→ Information given
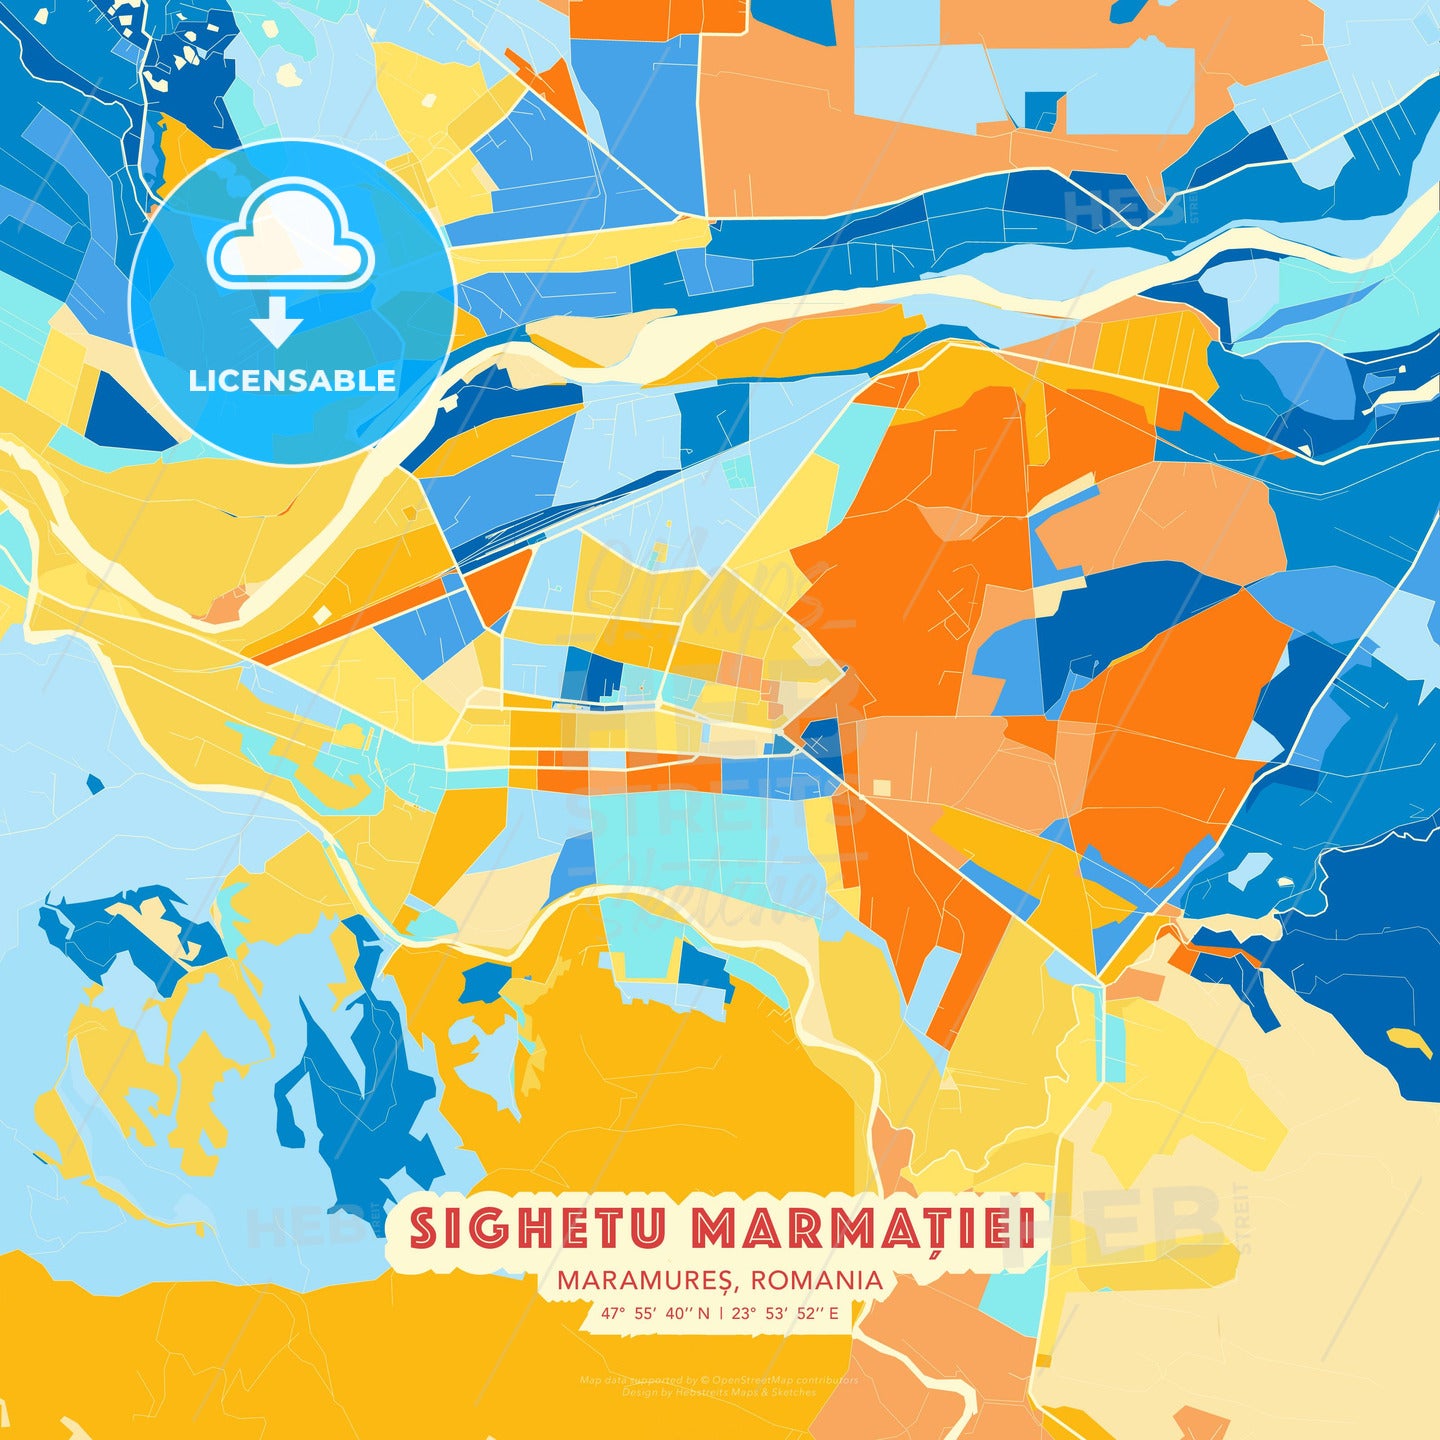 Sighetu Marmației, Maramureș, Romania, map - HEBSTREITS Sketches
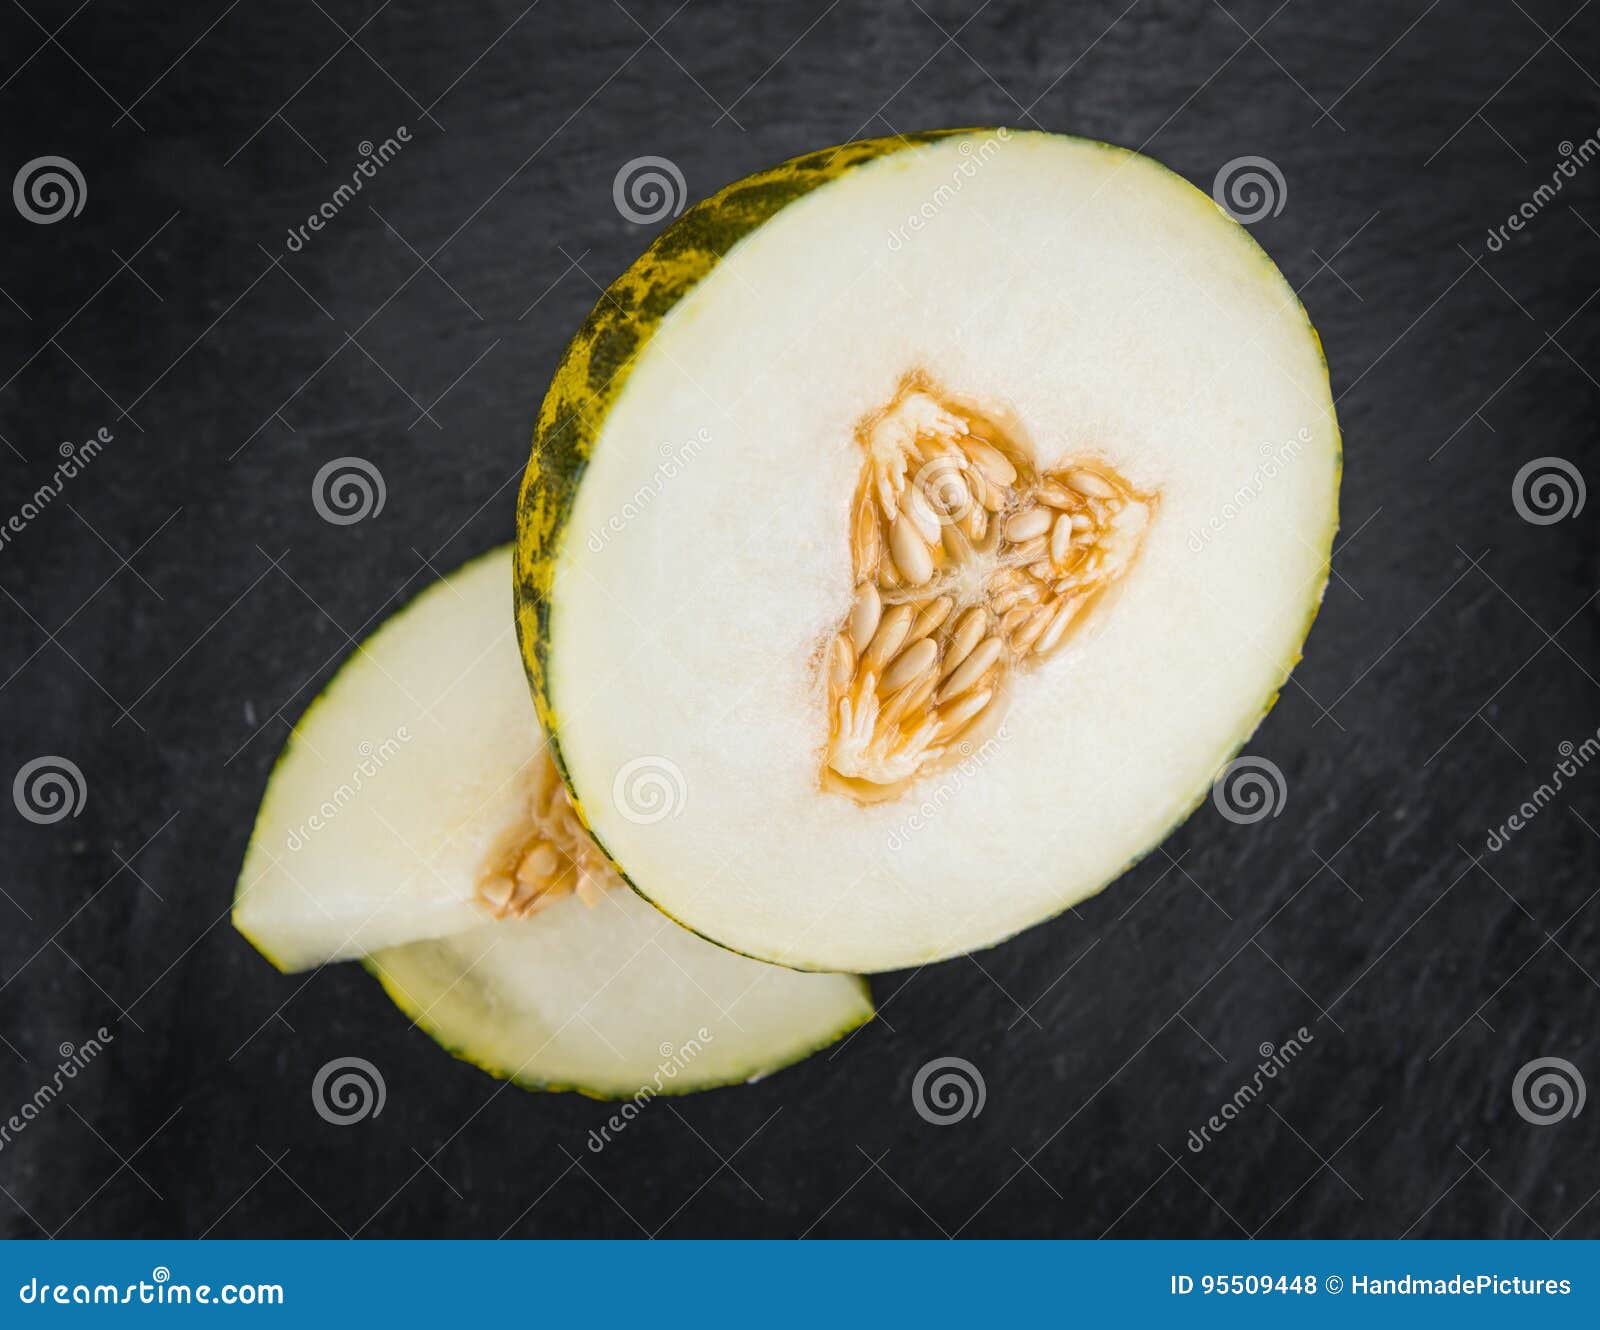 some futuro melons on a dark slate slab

---

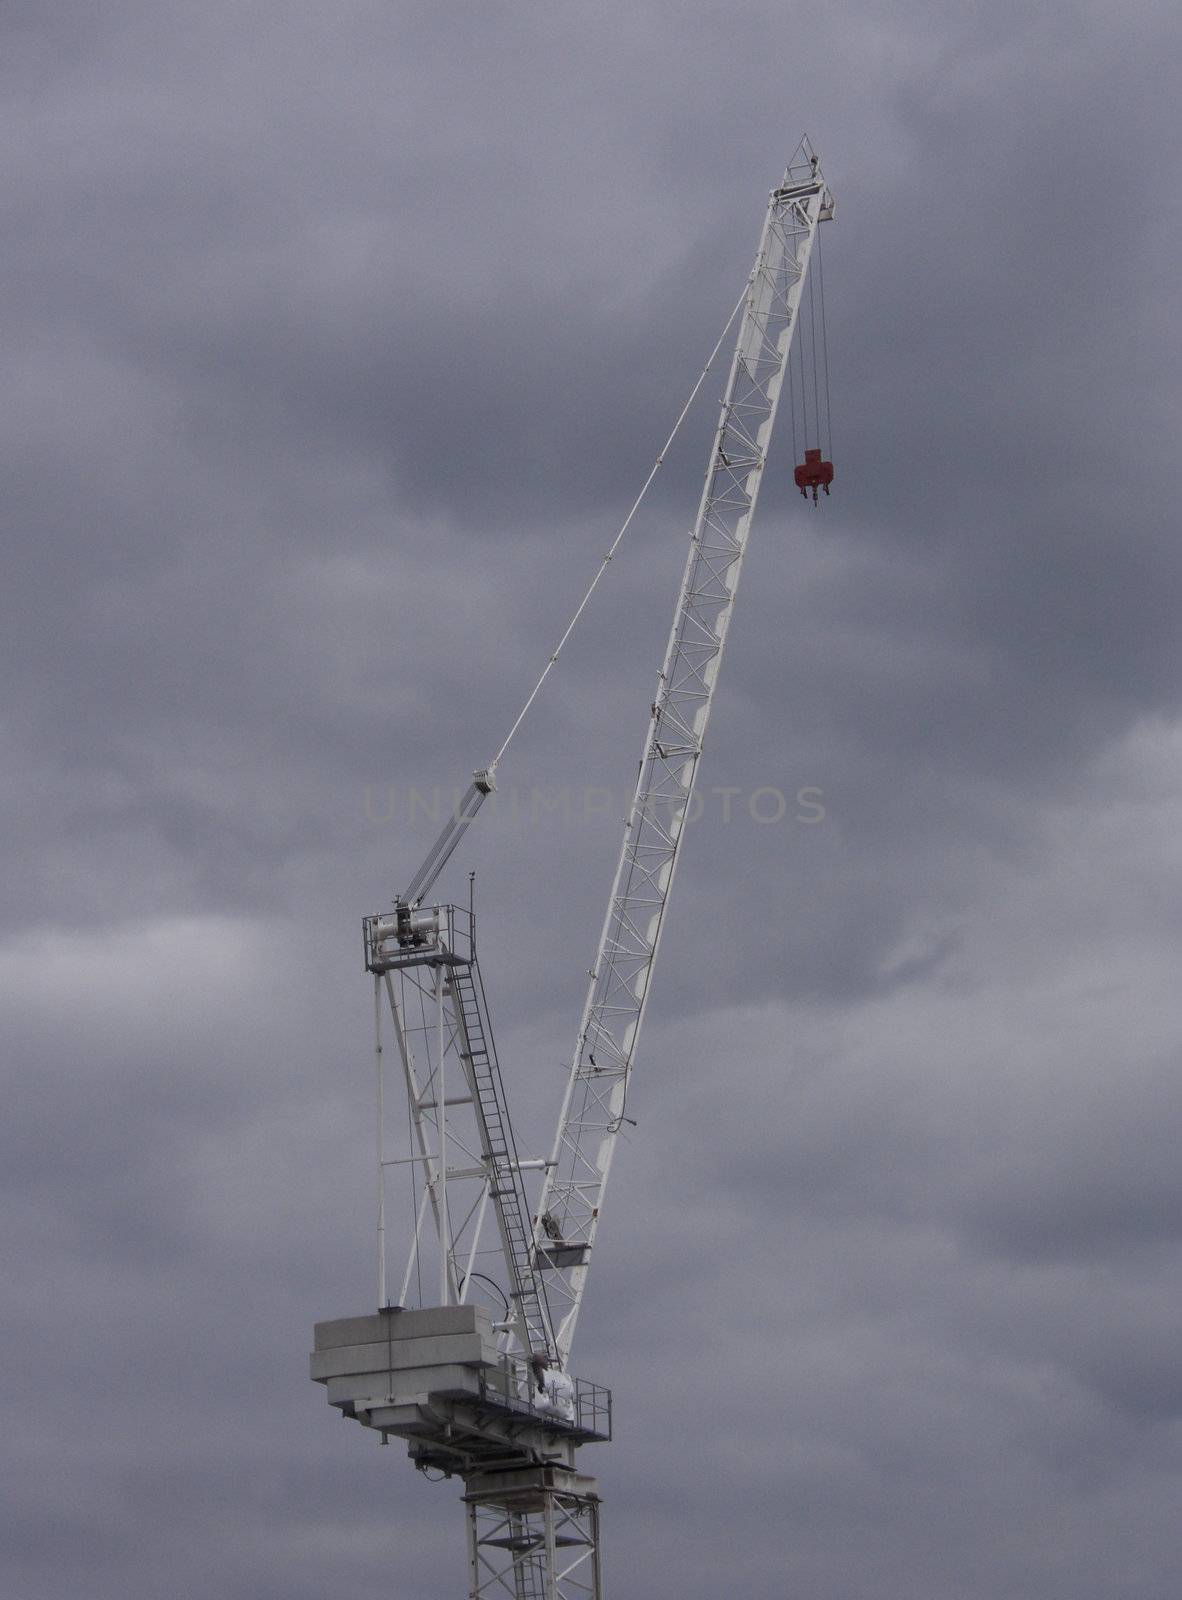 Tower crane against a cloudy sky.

→ What to produce
Everything above from the line containing "Sighetu Marmației, Maramureș, Romania, map" through the line containing "some futuro melons on a dark slate slab" must be repeated exactly, and the pictures must be left out.

→ Exercise result
 Sighetu Marmației, Maramureș, Romania, map - HEBSTREITS Sketches
 some futuro melons on a dark slate slab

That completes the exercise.